The writer and consultant Joseph Horowitz, the author of Classical Music in America: A History of Its Rise and Fall, has long urged orchestras to reinvent themselves as miniature conservatories and cultural centers. With orchestras such as the Brooklyn Philharmonic, the New Jersey Symphony, and the Pacific Symphony, Horowitz has devised cross-disciplinary festivals that can be translated into curricula for area schools. “The orchestra should be, first and foremost, an educational institution,” Horowitz told me. “It should know how to explain to an audience what the art means and where it came from. Orchestras can feed the humanities programs at high schools. You can do Mozart and have the drama department put on Amadeus. You can do Dvorak and get American-history classes and African-American studies involved. Dvoák is the greatest gift, because there is no better way to link American and European musical traditions.”

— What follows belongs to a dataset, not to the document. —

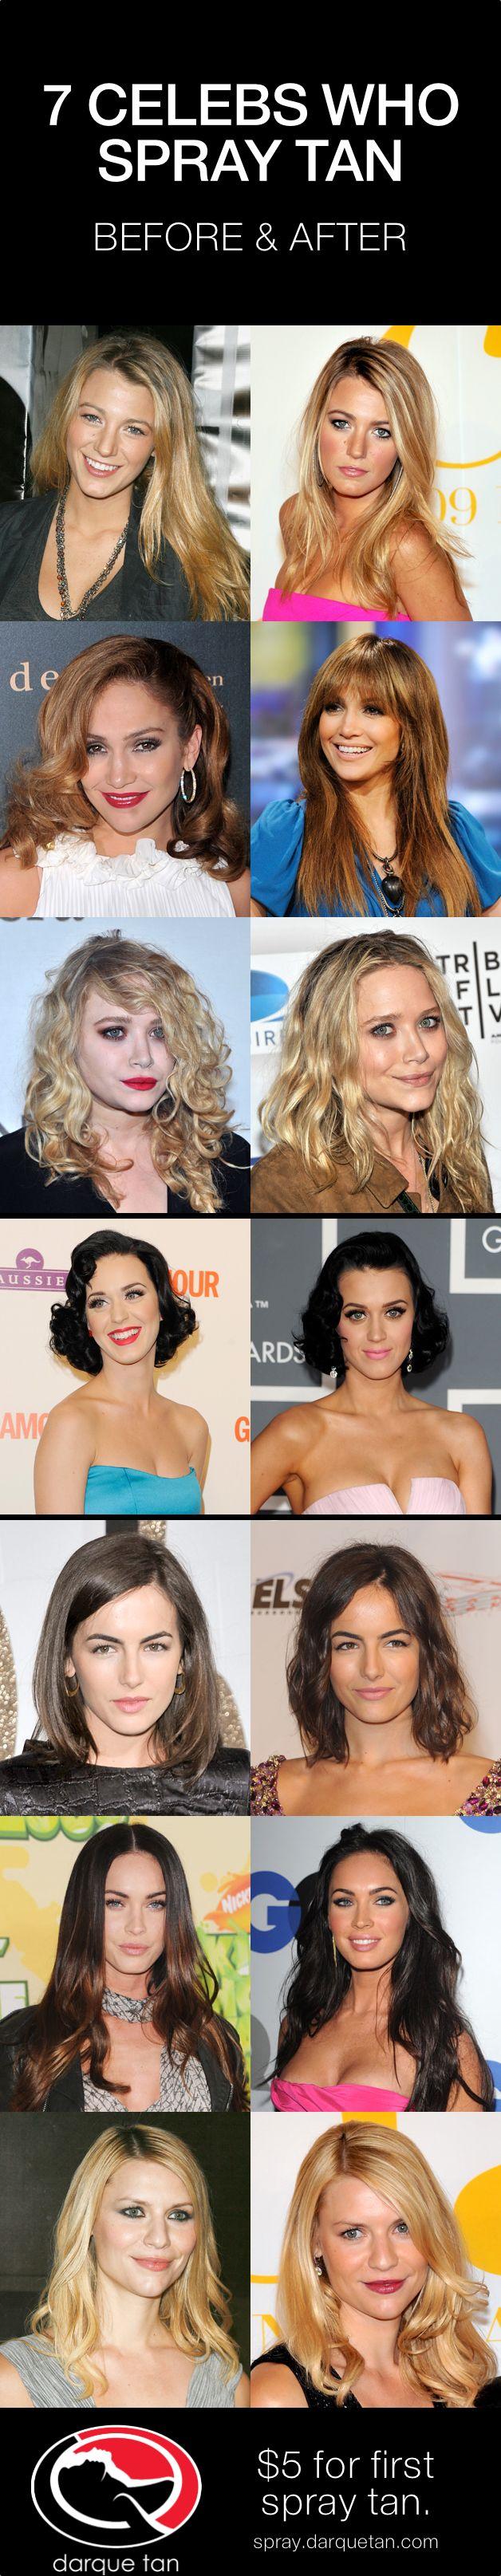 7 celebs who spray tan. #mystictan #spraytan #darquetan

Not every orchestra is prepared to undertake such an approach. When Horowitz was working with the New Jersey Symphony, he made contact with Hassan Williams and the students of Malcolm X Shabazz. He invited them to events at the hall and visited the school with members of the orchestra. (It was Horowitz who suggested that I observe Williams’s class.) On the occasion of a New Jersey Sibelius festival, Vernon Jones was inspired to write a Sibelius-like piece for band. Unfortunately, the initiative met resistance from a member of the administration, who did not enjoy having the students on the premises. One day, when they left the hall, he was heard to say, “Never again.” That man is no longer with the orchestra, but his s
pirit persists at more than one classical institution.
On Westminster Street, in the West End section of Providence, Rhode Island, there are diners, corner markets, auto-repair stores, and, at number 1392, the Providence String Quartet. People often do a double take at the surreal sight of a chamber group playing Beethoven behind a storefront in a lower-income neighborhood. Although the quartet performs at colleges and museums, its main mission is to teach. It is the heart of a nonprofit organization, Community MusicWorks, which does more than bring music to young people; it is an authentically revolutionary outfit in which the distinction between performing and teaching disappears.

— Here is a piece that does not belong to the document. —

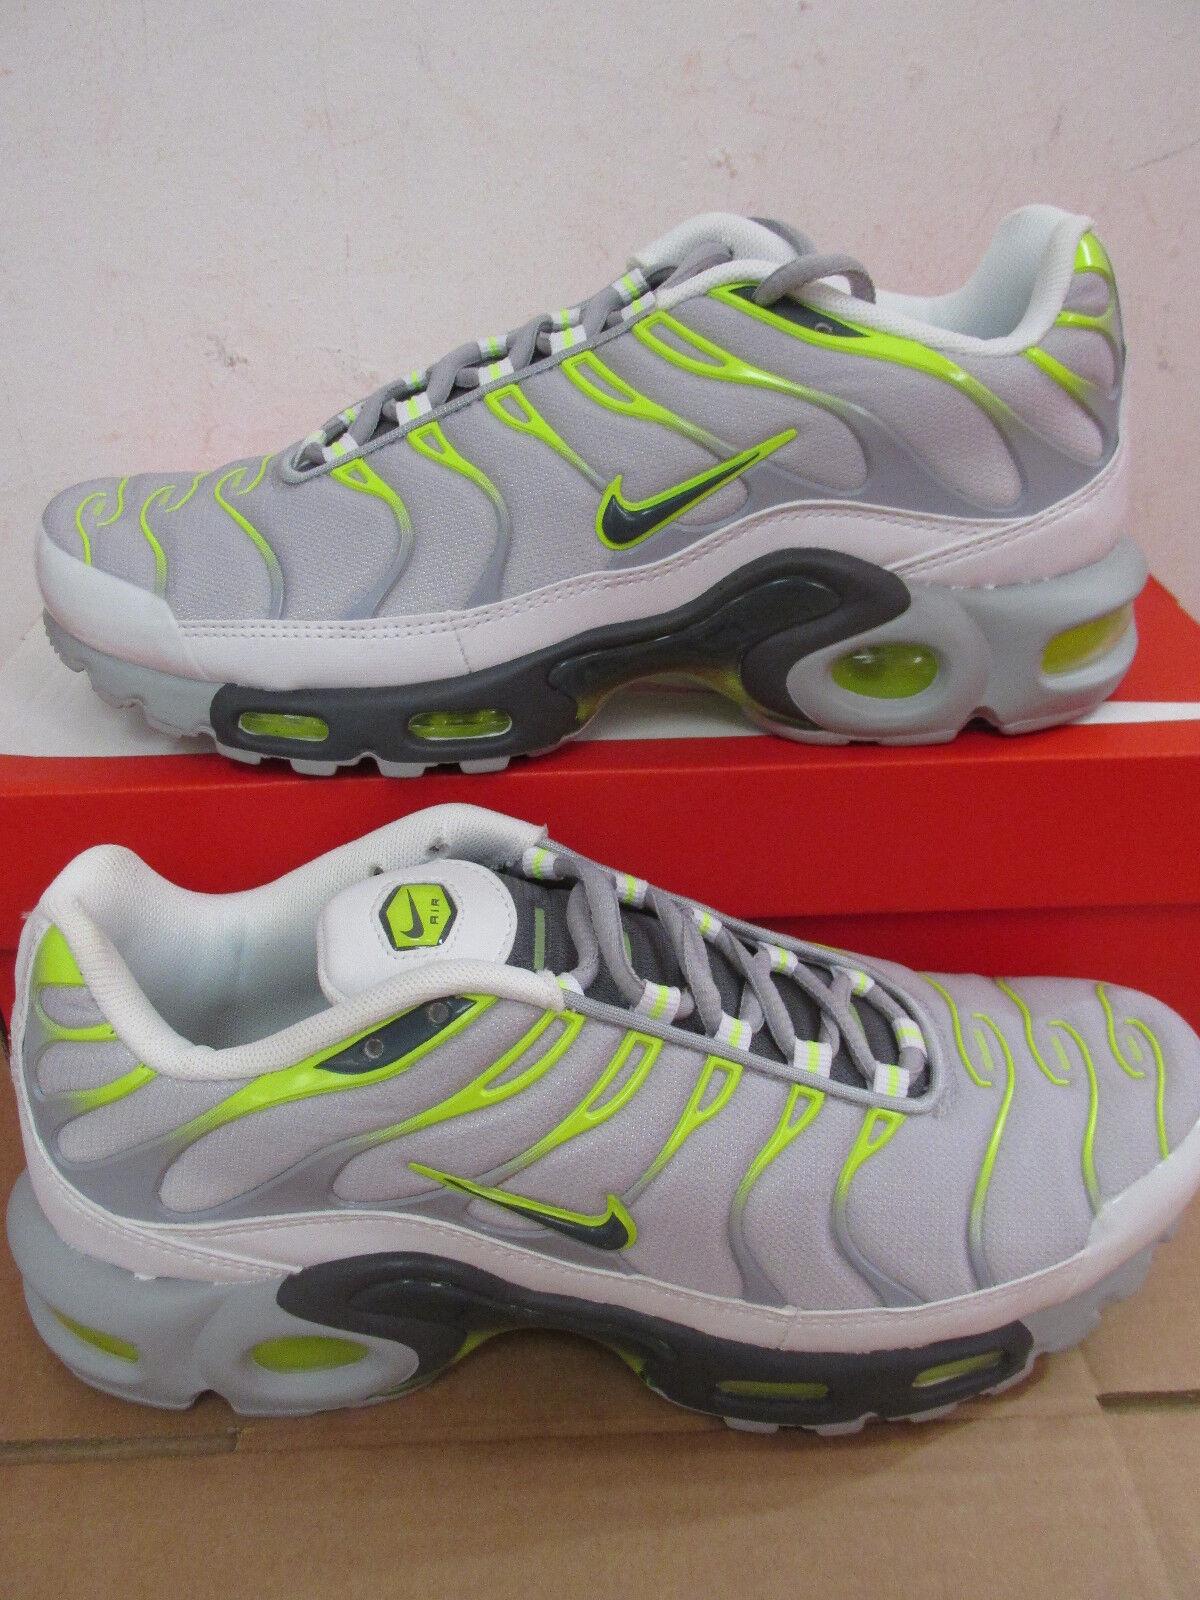 a19d9db54f248 Nike Air Running Max Plus Homme Running Air Baskets 852630 003 Baskets  Chaussures De Dégagement 837928

The core members of Community MusicWorks, which was founded in 1997, are Jesse Holstein and Jessie Montgomery, violinists; Sebastian Ruth, violist; and Sara Stalnaker, cellist. They were trained for conventional careers at Juilliard, Oberlin, and Brown University, but they chose a different definition of success. Ruth, a man with an elegant face and a mellifluous voice, is their ringleader. He grew up in Ithaca, the son of two ex-hippie parents, who sent him to the Alternative Community School. Instead of going to a conservatory, he went to Brown and studied the philosophy of education. He read the work of Paulo Freire, the author of Pedagogy of the Oppressed, and Maxine Greene, who wrote Releasing the Imagination. Greene has argued that arts education can be not only a leisure pursuit or subculture for gifted children but an instigator of social change. Ruth decided to put these ideas into practice, by playing in a group that was part of the street life of a city.